Isn't it nice?" and returning the letter to its hiding place, Maddy

scooped up in her hand and ate a quantity of the snow beside the path.

"Yes, it was very nice," Guy admitted, but there was a shadow on his

brow as he followed Maddy into the cottage, where the lunatic, who had

been watching them from the window, shook his head doubtfully and

said, "Too young, too young for you, young man. You can't have our

Sunshine if you want her."

"Hush, Uncle Joseph," Maddy whispered, softly, taking his arm and

laying it around her neck. "Mr. Remington don't want me. He is engaged

to a beautiful English girl across the sea."

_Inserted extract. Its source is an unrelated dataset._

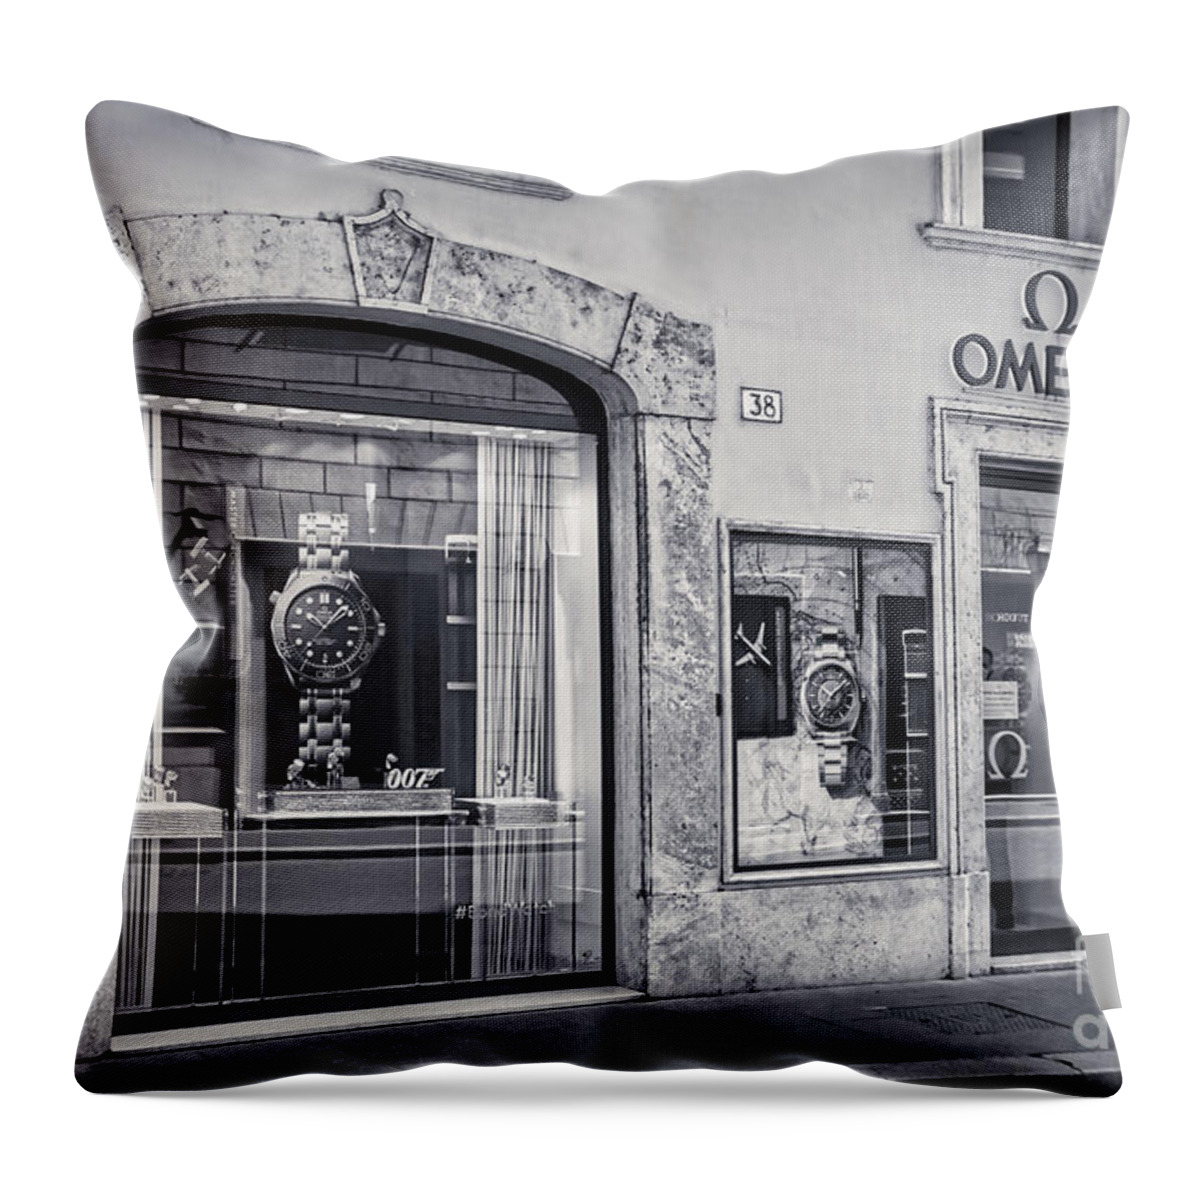 Omega Throw Pillow featuring the photograph Rome Bw - Omega Store in Via dei Condotti by Stefano Senise

Low as Maddy's words were, Guy heard them, as well as the crazy man's

reply, "Engagements have been broken."

That was the first time the possibility had ever entered Guy's brain

that his engagement might be broken, provided he wished it, which he

did not, he said to himself positively. Lucy loved him, he loved Lucy,

and that was enough, so in a kind of abstracted manner arising from

the fact that he was calculating how long it would be before Lucy was

twenty-five, he began to talk with Maddy, asking how she had spent her

time, and so forth. This reminded Maddy of the doctor, who, she said,

had not been to see her at all.

"He was coming this morning," Guy rejoined, "but I persuaded him to

defer his call until you were at Aikenside. I have come to take you

back with me, as we are to have a party day after to-morrow evening,

and I wish you to be present."

A party, a big party, such as Maddy had never in her life attended!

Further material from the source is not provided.